# Gym Routine Ideas?



## SlideStop (Dec 28, 2011)

Now that school is finally over I want to start hitting the gym again! Typically I try to do 45-60 mins of cardio then weight training at my disgression. What's your routine like? Anything you target specifically to improve your riding? Anything else helpful you want to throw in there feel free!! 

Thank ya! 
_Posted via Mobile Device_


----------



## palominogal (Feb 6, 2014)

I try and switch it up!

I'll run for 20 minutes, elliptical for 20 minutes, I'll do squats with weights, rows, lunges with weights, etc.
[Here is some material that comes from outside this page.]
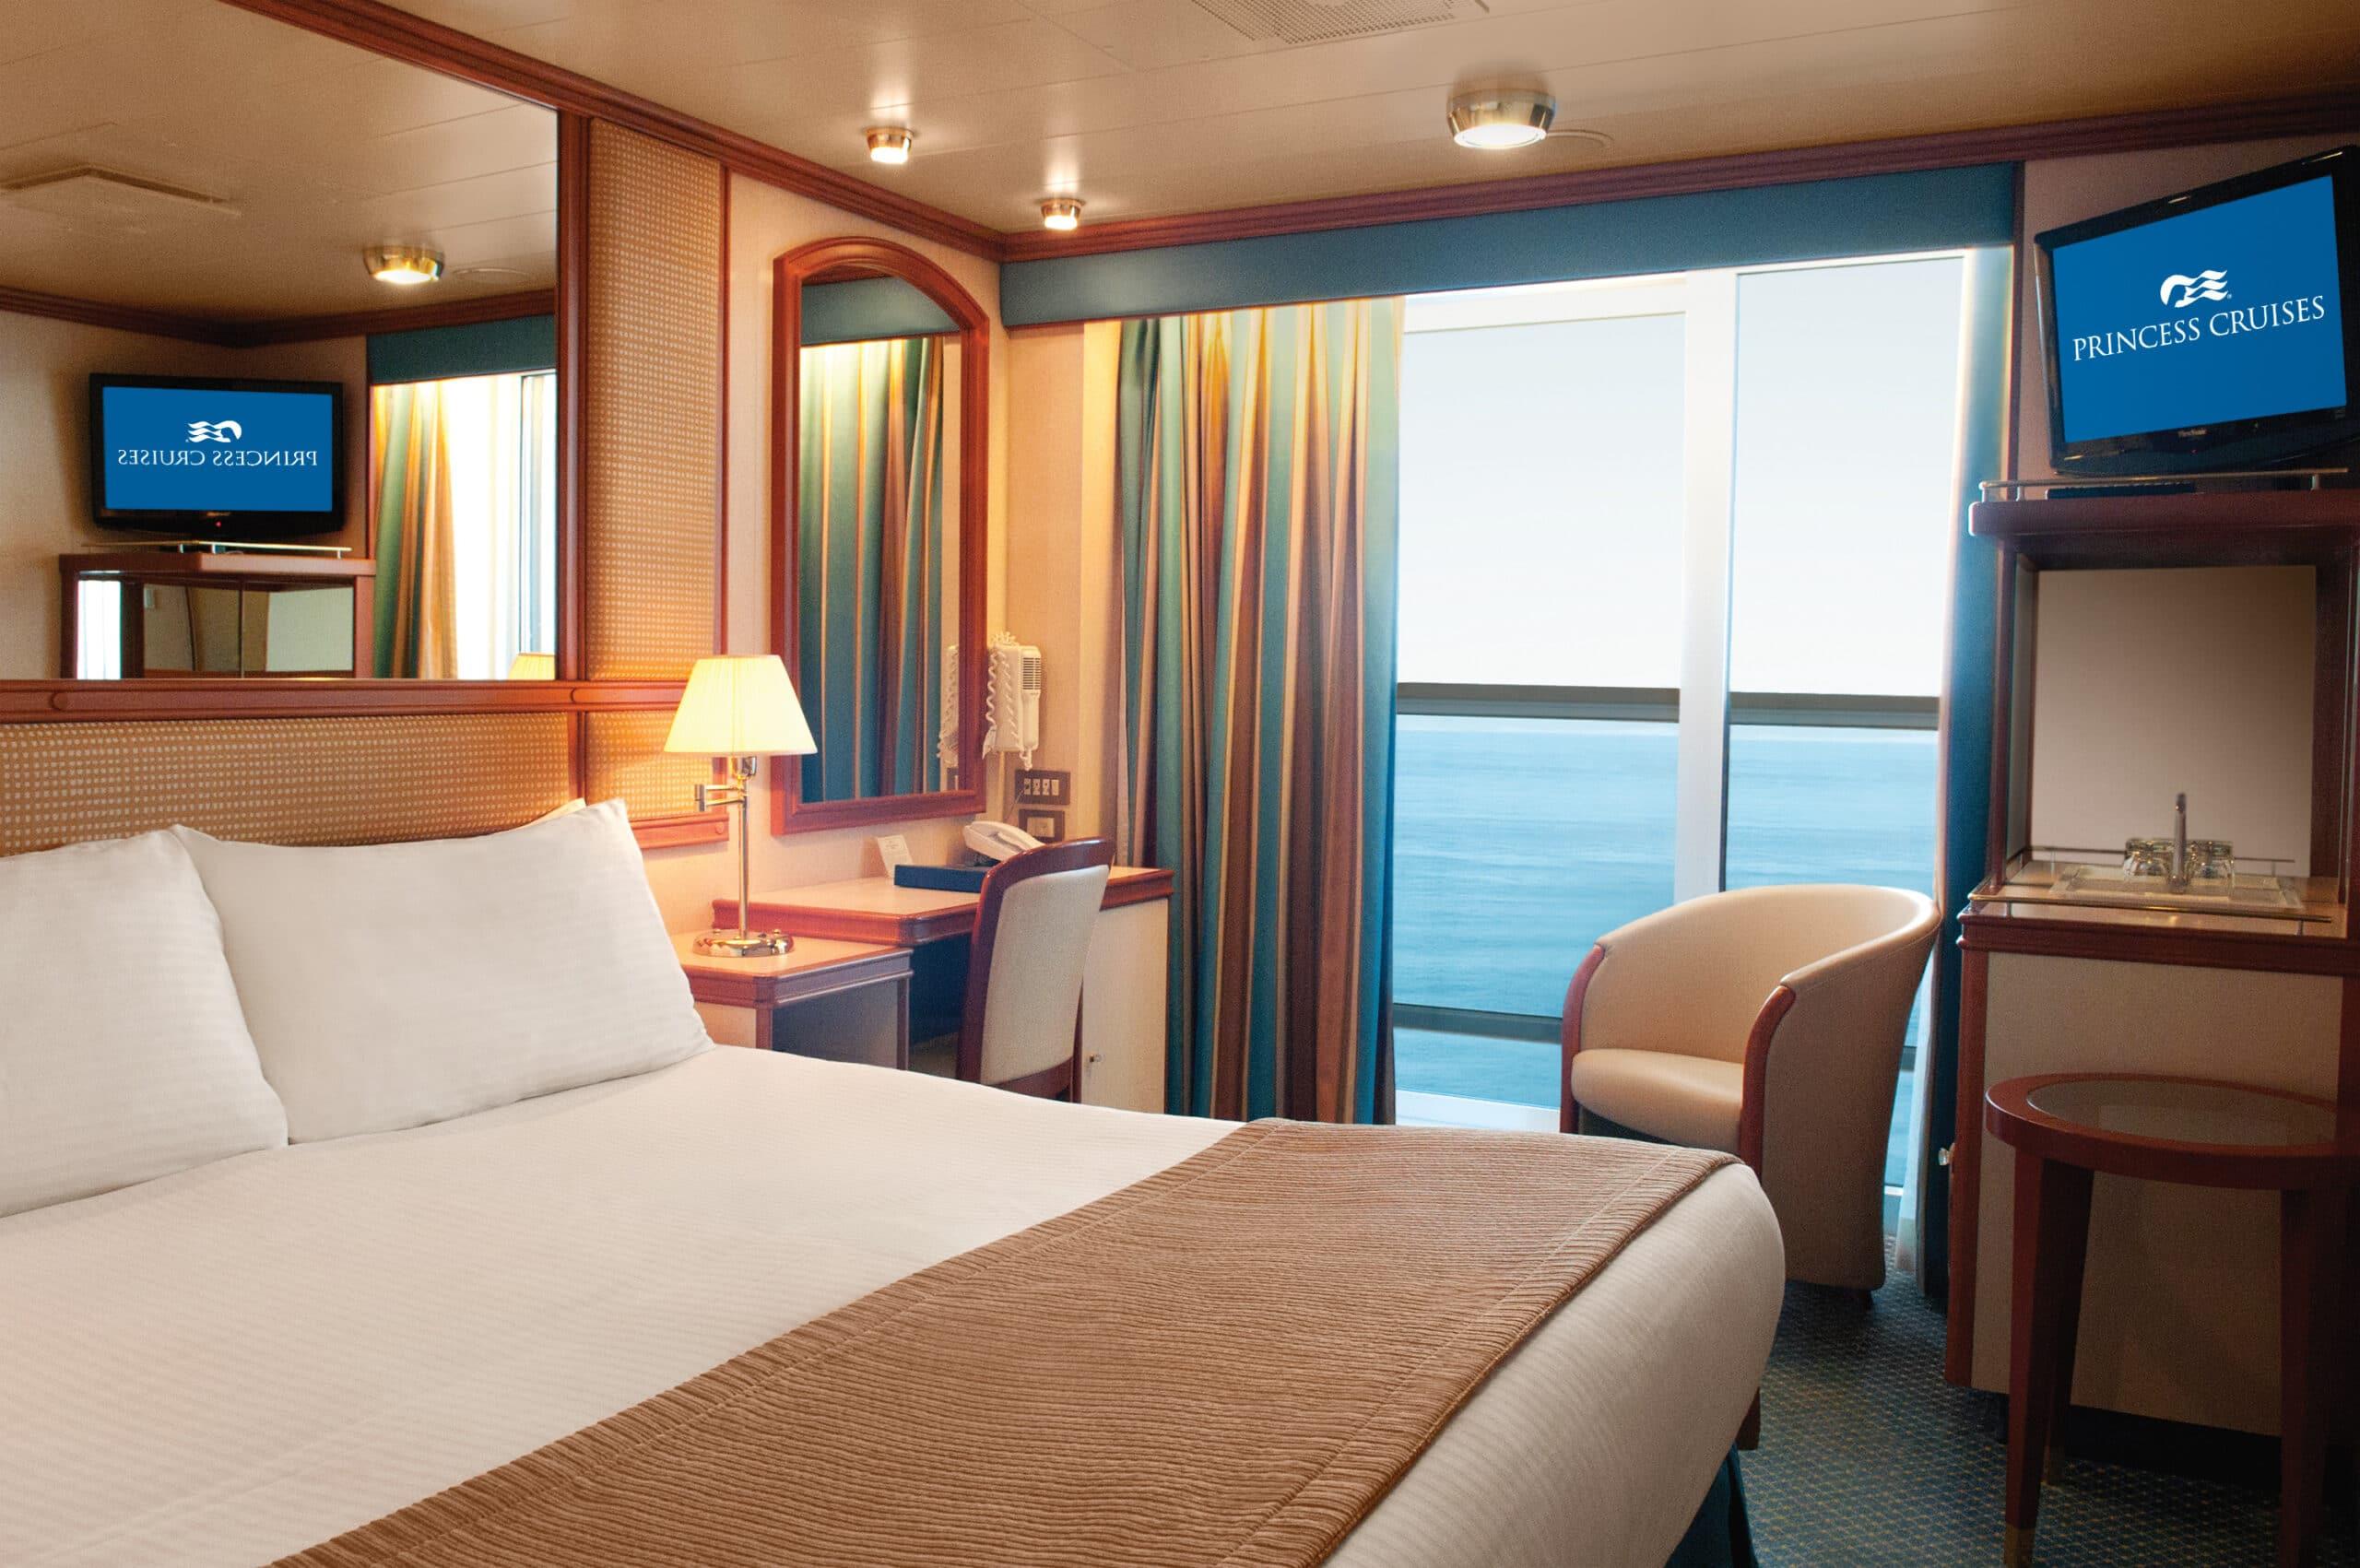 Princess-cruises-Crown-princess-schip-cruiseschip-categorie b1-b2-b4-ba-bb-bc-bd-be-bf-balkonhut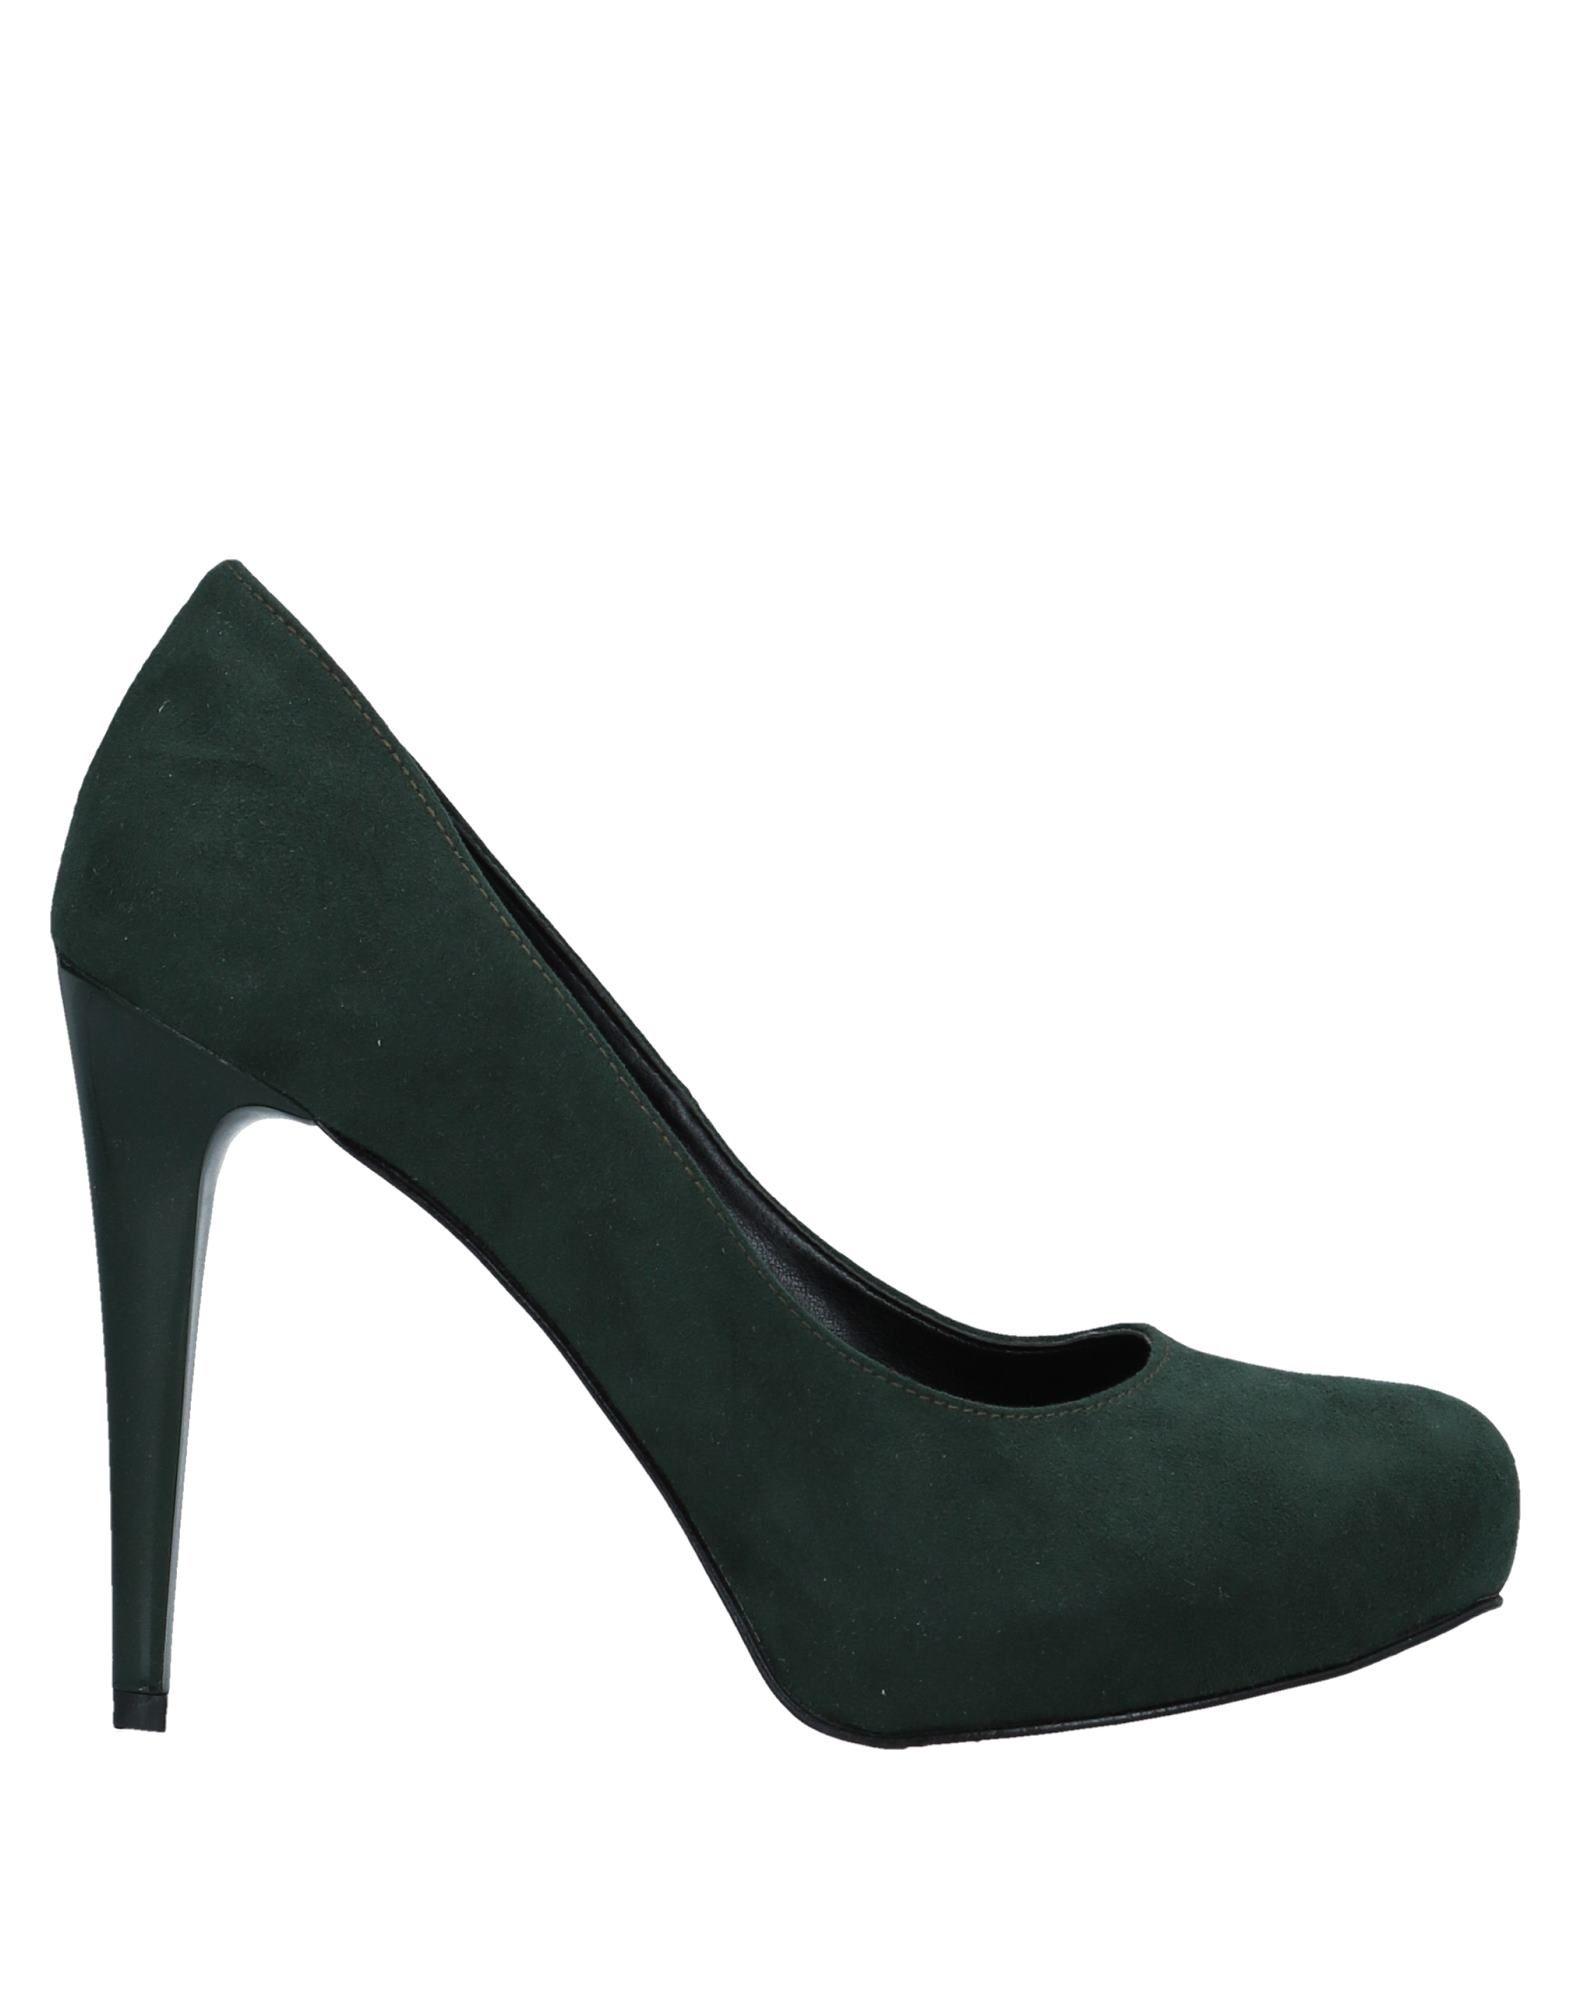 Sandali Valleverde Donna e - 11549171IR Nuove offerte e Donna scarpe comode cc85be

I just mix and match the order!


----------



## hornedfrog89 (Feb 17, 2014)

My riding has greatly improved since I began serious heavy weight lifting. Check out the book New Rules of Weight LIfting for Women. The workouts are pretty quick and while it's longer than your summer break, it'll be a great way to to learn about lifting and its benefits.


----------



## Sahara (Jul 23, 2010)

look up metabolic conditioning workouts for women. Fun and you can change it up every workout. They are great for improving core strength.


----------



## Saddlebag (Jan 17, 2011)

I used to do bike for 15 min as warmup. My workouts were 5 days weekly, as muscles do need a break so if I missed a day, I made sure not to miss two in a row. After warmup I'd work on either upper or lower half using weights, then switch it up the next day. Apparently we get max benefit between 20 and 40 min. when building strength.


----------



## SlideStop (Dec 28, 2011)

20-40 min of strength building?
_Posted via Mobile Device_


----------



## Indiana2 (Mar 30, 2014)

SlideStop said:


> 20-40 min of strength building?
> _Posted via Mobile Device_


They say that heel raises and adductor (thigh exercises) are really good for riding


----------



## ellygraceee (May 26, 2010)

I do 15 mins of walking/running at 5km/hr and 9km/hr. I'm not quite confident enough to go any faster on the treadmill as I'm always so scared of falling off backwards. 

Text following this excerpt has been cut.